> **EXERCISE INSTRUCTIONS**: The lines to be extracted begin at the line containing "21年最新 Iphone 12" and end at the last line of the data below; copy them exactly and leave out the pictures.

> **DATASET CONTENT**:
....

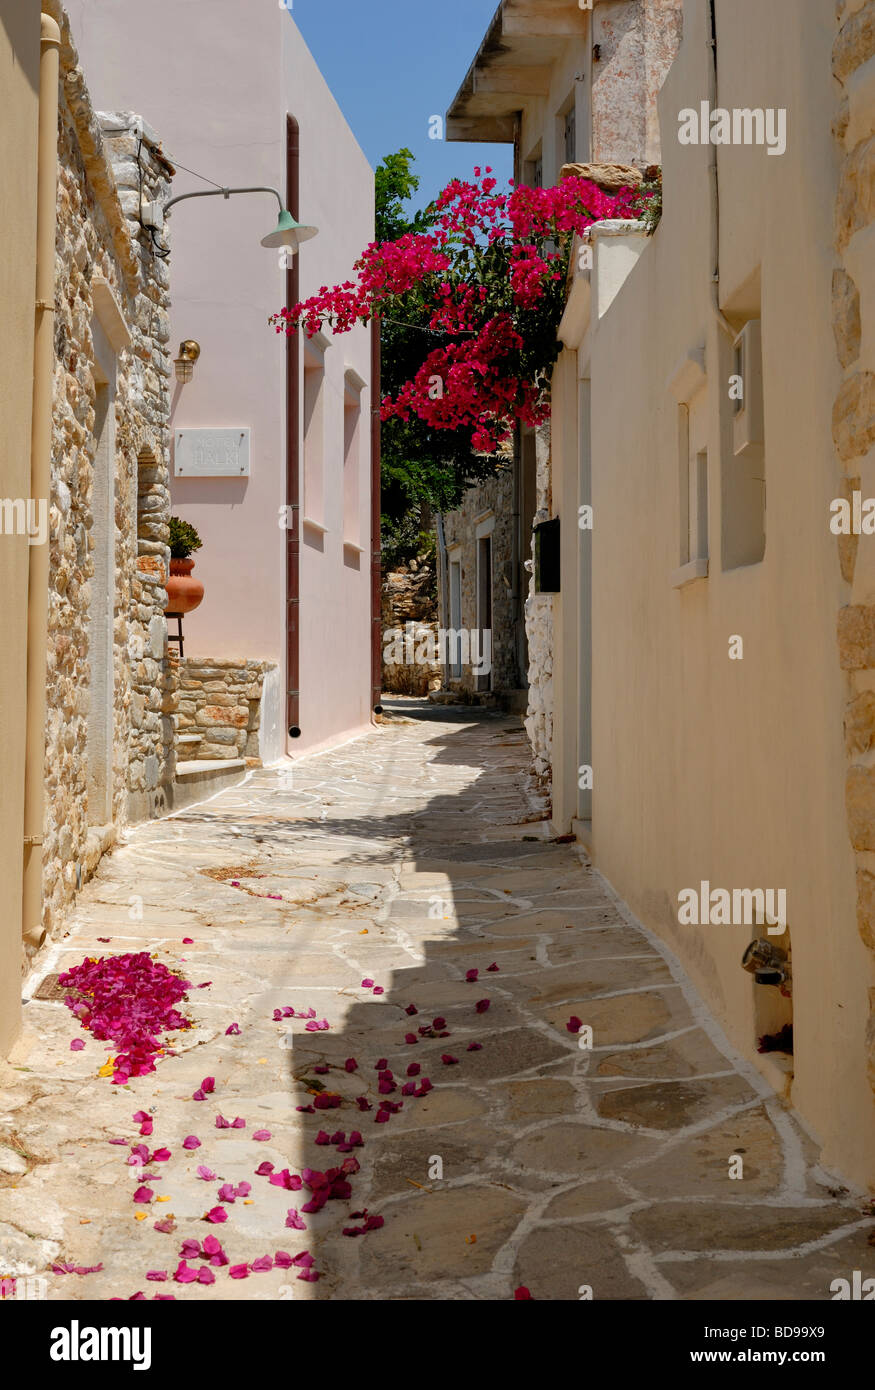 Une belle vue sur la ruelle étroite au coeur du petit village historique de Halki. Halki, Tragaea, l'île de Naxos, Cyclades, Gr Banque D'Images
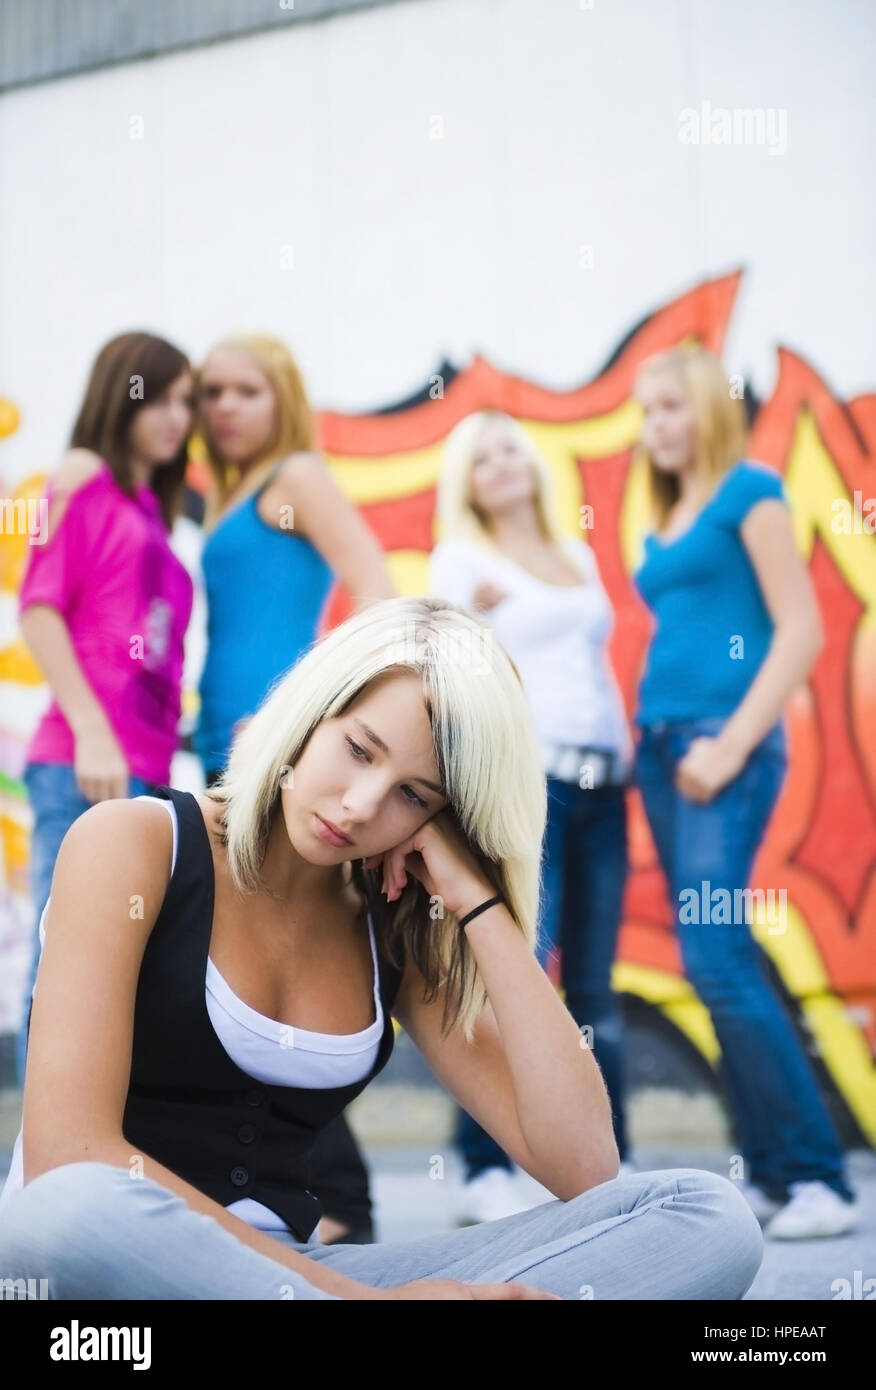 Model released , Jugendliches Maedchen wird von Gleichaltrigen gemobbt - teenager mobbing Stock Photo
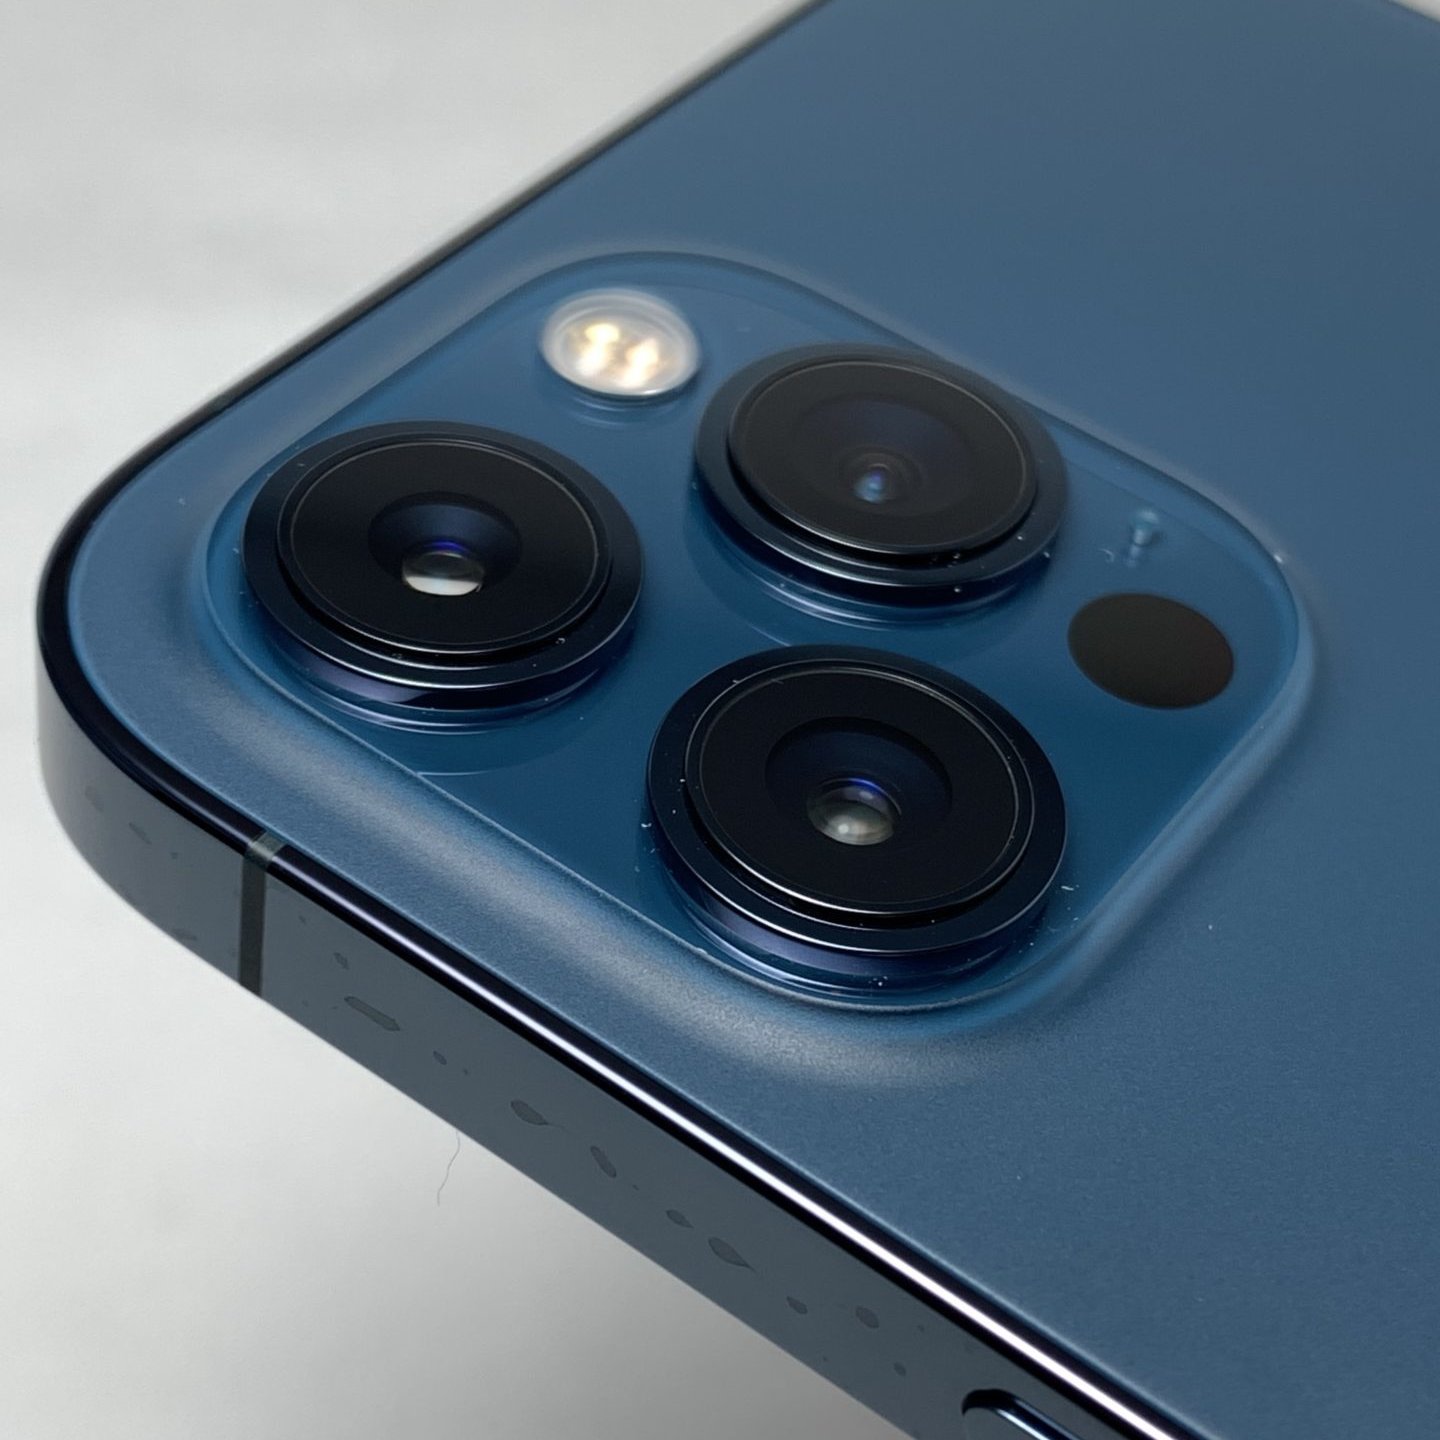 21年最新 Iphone 12 Pro Max おすすめカメラレンズ保護アルミ合金カバーレビュー Nimaso 2枚セット どたんば で 夢をつかむブログ
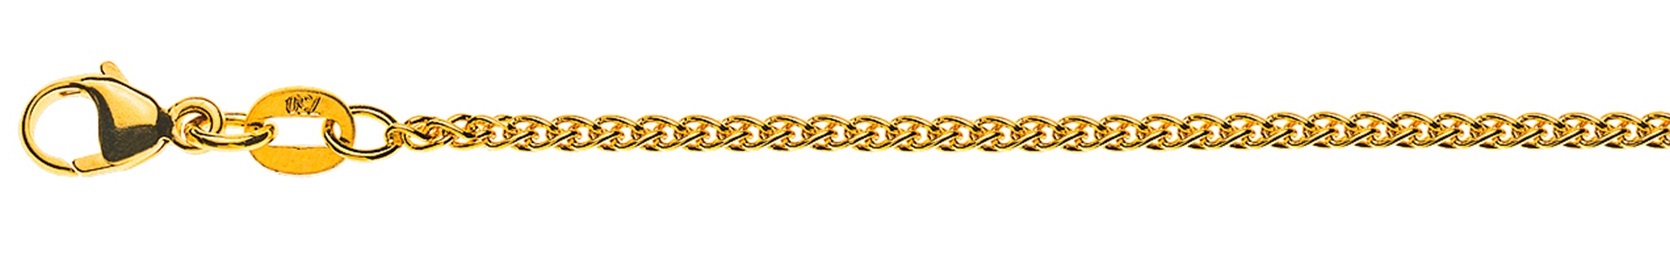 AURONOS Élégance Necklace yellow gold 14K cable chain 60cm 1.6mm

....

> **SOLUTION TO THIS PROBLEM**:
 21年最新 Iphone 12 Pro Max おすすめカメラレンズ保護アルミ合金カバーレビュー Nimaso 2枚セット どたんば で 夢をつかむブログ
 AURONOS Élégance Necklace yellow gold 14K cable chain 60cm 1.6mm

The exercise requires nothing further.